22 de novembro de 2023

As rainhas proscritas

  Beatriz de Borgonha & Joana de Trastâmara  
António de Holanda

A história oficial dos países é sempre contada pelos vencedores e quando, a posteriori, se aplicam os ditames do politicamente correto, tendemos a cair nos trilhos movediços do cronologicamente errado. Assim aconteceu com o destino dinástico de Beatriz de Borgonha e de Joana de Trastâmara, legítimas herdeiras de Fernando I de Portugal e Algarve e de Henrique IV de Castela e Leão. A seu tempo aclamadas, destronadas, proscritas, vencidas, banidas. Reduzidas de rainhas soberanas do país de origem a rainhas consortes do país vizinho.

À distância de três únicas gerações, as filhas reconhecidas do rei Formoso e do rei Impotente foram privadas do direito monárquico que as assistia de reinar.
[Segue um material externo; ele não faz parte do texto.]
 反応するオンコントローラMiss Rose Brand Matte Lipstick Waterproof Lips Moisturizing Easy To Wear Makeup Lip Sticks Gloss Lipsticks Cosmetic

A ausência da apresentação dum conjunto de formalidades legais comprovadas cometidas por ambas foi substituída nos dois casos por hipotéticas acusações da infidelidade das mães, Leonor Teles e Joana de Avis, a Aleivosa e a Leviana. Um recurso eficaz seguido pelas mais altas esferas das duas cortes ibéricas em tempos agitados de guerra civil e de agitação política.

Nesta muito oportuna versão coroada de pecado original torna-se particularmente difícil encontrar um pai alternativo para a infanta portuguesa casada aos dez anos com o rei João I de Castela e Leão, remota que é a ideia de a atribuir ao conde galego João Fernandes Andeiro. Ficou assim privada dum epíteto aviltante idêntico ao da sua prima em terceiro grau, a Beltraneja, depois transformado num outro de cariz elogioso, a Excelente Senhora, ao tornar-se na consorte real do tio D. Afonso V de Portugal e Algarve.
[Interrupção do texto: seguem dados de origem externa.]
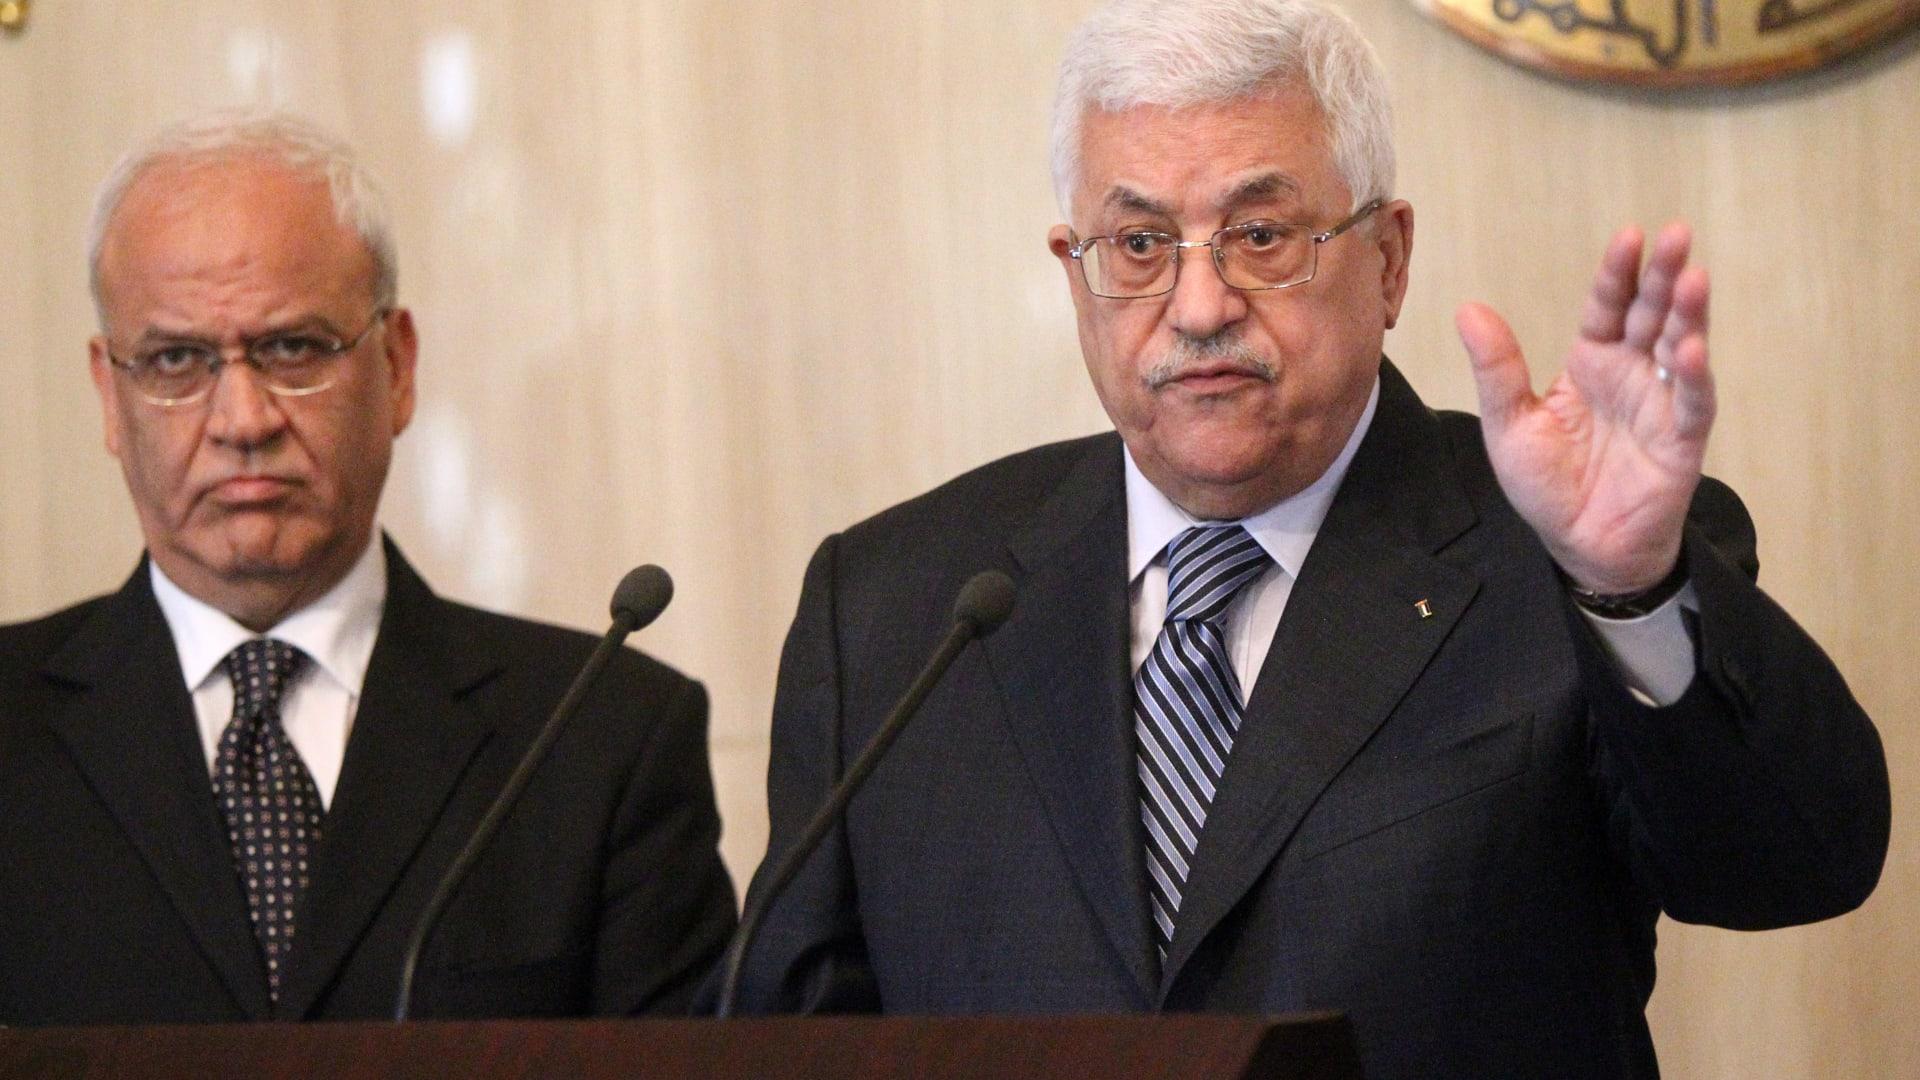 """وفاة صائب عريقات.. الرجل الذي لم يتخل عن """"المهمة المستحيلة"""" في الصراع الإسرائيلي-الفلسطيني"""

Os reinados de facto e de jure de Beatriz de Borgonha e de Joana de Trastâmara nos seus torrões de berço terminam de vez após as batalhas de Aljubarrota (14.08.1385) e do Toro (6.04.1474), quando os respetivos cônjuges e reis titulares são vencidos pelos novos soberanos efetivos das duas coroas peninsulares, o Mestre de Avis do lado de cá da fronteira e Isabel-a-Católica do lado de lá. A longa agonia das rainhas consortes de jure uxoris começava então até ao seu desaparecimento final sem honra nem glória dignos de memória.

Num ato de reparação tardia, alguns catálogos reais começaram a incluir nas suas listagens de monarcas o Prior do Crato, teimando a omitir a sobrinha do rei da Boa Memória. É o que acontece, v.g., na Cronologia dos Reis de Portugal, publicada pela Casa Real Portuguesa na sua página oficial da Net. Ostracismo permanente que continua a marginalizar a última rainha aclamada, jurada e com moeda cunhada da primeira dinastia. Mistério insondável que o sangue azul dos Bragança saberá explicar, se estiver para  virado.
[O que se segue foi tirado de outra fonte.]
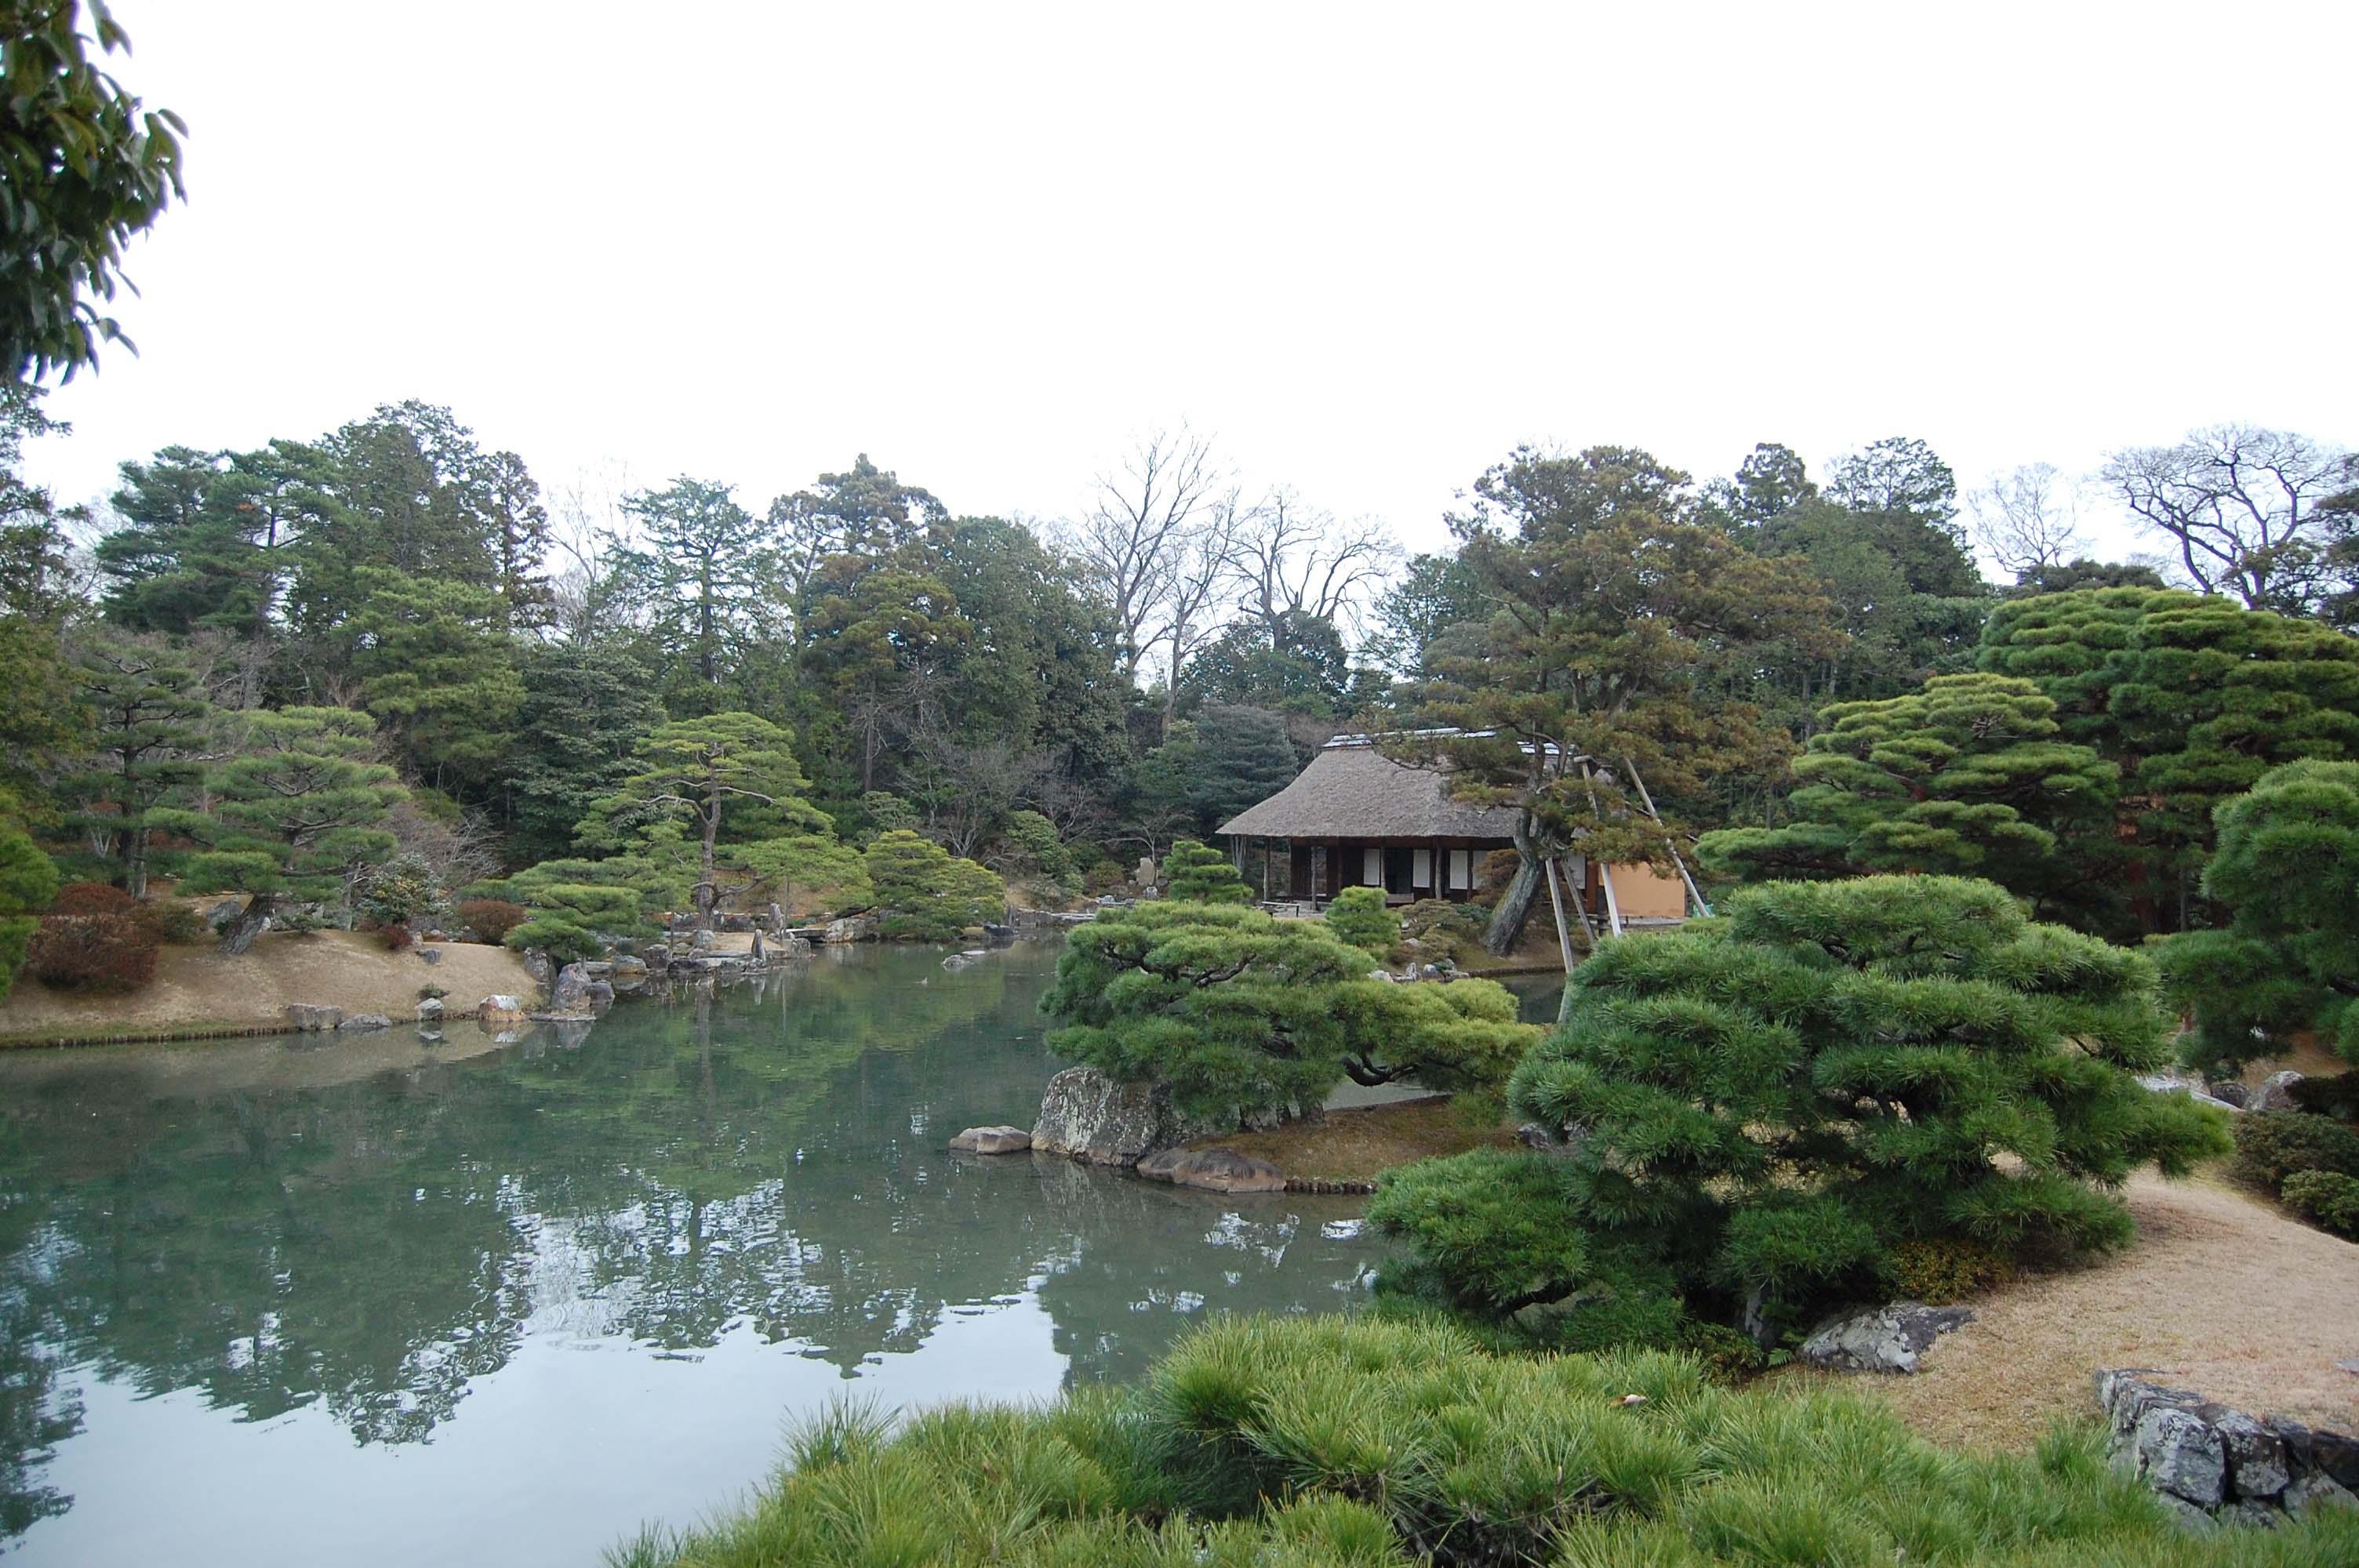 Vista del jardín y del lago en el Palacio de retiro imperial Katsura.

PENDÕES REAIS DE CASTELA-PORTUGAL & DE PORTUGAL-CASTELA
Juan I de Castilla y Beatriz de Portugal  |  Afonso V de Portugal e Joana de Castela

1 comentário:

  1. Tramas que a história dos homens tece... Li o romance A Beltraneja, de Almudena de Arteaga, mas nada sobre Beatriz de Borgonha. É na verdade muito interessante a coincidência das suas histórias.